Task statement: Everything in the data below is left aside except the lines from the one containing "Program for Terra Nova" through the one containing "邪恶漫画爆笑囧图第174刊：累死了"; repeat those exactly.

*** Opening of Material for the task ***

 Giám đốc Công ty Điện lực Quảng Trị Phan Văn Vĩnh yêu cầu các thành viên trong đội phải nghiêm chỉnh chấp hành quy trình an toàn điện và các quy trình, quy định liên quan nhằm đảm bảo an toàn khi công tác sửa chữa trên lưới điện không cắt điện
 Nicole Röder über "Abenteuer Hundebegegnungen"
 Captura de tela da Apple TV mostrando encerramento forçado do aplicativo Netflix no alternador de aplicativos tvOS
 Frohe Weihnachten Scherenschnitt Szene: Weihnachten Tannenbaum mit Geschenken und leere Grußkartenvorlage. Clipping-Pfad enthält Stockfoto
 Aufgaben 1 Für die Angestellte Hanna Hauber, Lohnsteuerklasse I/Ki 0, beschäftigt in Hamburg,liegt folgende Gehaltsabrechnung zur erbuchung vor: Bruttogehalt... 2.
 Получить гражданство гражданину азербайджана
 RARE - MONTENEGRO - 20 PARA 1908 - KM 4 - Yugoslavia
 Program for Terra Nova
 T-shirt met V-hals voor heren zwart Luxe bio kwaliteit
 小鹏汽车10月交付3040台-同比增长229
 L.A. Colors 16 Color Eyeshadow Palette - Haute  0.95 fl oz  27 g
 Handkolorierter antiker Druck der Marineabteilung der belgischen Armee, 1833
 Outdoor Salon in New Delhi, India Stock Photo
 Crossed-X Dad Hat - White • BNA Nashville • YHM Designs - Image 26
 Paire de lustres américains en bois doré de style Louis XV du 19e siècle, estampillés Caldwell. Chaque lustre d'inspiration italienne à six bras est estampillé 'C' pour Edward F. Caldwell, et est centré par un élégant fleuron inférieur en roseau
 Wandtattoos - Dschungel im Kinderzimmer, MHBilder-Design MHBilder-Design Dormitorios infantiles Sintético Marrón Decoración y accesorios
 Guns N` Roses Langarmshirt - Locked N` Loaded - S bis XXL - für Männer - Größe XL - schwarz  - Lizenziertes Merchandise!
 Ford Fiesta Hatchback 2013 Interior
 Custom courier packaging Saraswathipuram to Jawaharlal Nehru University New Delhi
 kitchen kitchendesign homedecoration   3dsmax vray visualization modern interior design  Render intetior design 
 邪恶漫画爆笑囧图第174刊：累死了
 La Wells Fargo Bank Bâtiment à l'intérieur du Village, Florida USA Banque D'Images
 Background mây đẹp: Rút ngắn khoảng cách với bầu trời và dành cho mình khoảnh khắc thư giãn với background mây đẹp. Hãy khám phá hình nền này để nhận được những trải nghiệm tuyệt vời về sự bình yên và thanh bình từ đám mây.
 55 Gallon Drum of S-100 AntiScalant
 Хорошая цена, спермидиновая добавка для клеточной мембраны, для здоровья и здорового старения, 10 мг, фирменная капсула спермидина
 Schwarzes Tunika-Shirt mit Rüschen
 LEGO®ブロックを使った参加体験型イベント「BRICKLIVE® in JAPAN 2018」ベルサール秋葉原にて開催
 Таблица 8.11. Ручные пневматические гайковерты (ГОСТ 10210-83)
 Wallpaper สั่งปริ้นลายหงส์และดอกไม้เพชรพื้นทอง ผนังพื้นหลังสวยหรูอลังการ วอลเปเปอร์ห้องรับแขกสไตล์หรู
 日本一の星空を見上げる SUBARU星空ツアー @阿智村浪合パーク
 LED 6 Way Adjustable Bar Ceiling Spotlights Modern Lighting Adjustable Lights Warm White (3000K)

*** Close of Material for the task ***

Response below:
 Program for Terra Nova
 T-shirt met V-hals voor heren zwart Luxe bio kwaliteit
 小鹏汽车10月交付3040台-同比增长229
 L.A. Colors 16 Color Eyeshadow Palette - Haute  0.95 fl oz  27 g
 Handkolorierter antiker Druck der Marineabteilung der belgischen Armee, 1833
 Outdoor Salon in New Delhi, India Stock Photo
 Crossed-X Dad Hat - White • BNA Nashville • YHM Designs - Image 26
 Paire de lustres américains en bois doré de style Louis XV du 19e siècle, estampillés Caldwell. Chaque lustre d'inspiration italienne à six bras est estampillé 'C' pour Edward F. Caldwell, et est centré par un élégant fleuron inférieur en roseau
 Wandtattoos - Dschungel im Kinderzimmer, MHBilder-Design MHBilder-Design Dormitorios infantiles Sintético Marrón Decoración y accesorios
 Guns N` Roses Langarmshirt - Locked N` Loaded - S bis XXL - für Männer - Größe XL - schwarz  - Lizenziertes Merchandise!
 Ford Fiesta Hatchback 2013 Interior
 Custom courier packaging Saraswathipuram to Jawaharlal Nehru University New Delhi
 kitchen kitchendesign homedecoration   3dsmax vray visualization modern interior design  Render intetior design 
 邪恶漫画爆笑囧图第174刊：累死了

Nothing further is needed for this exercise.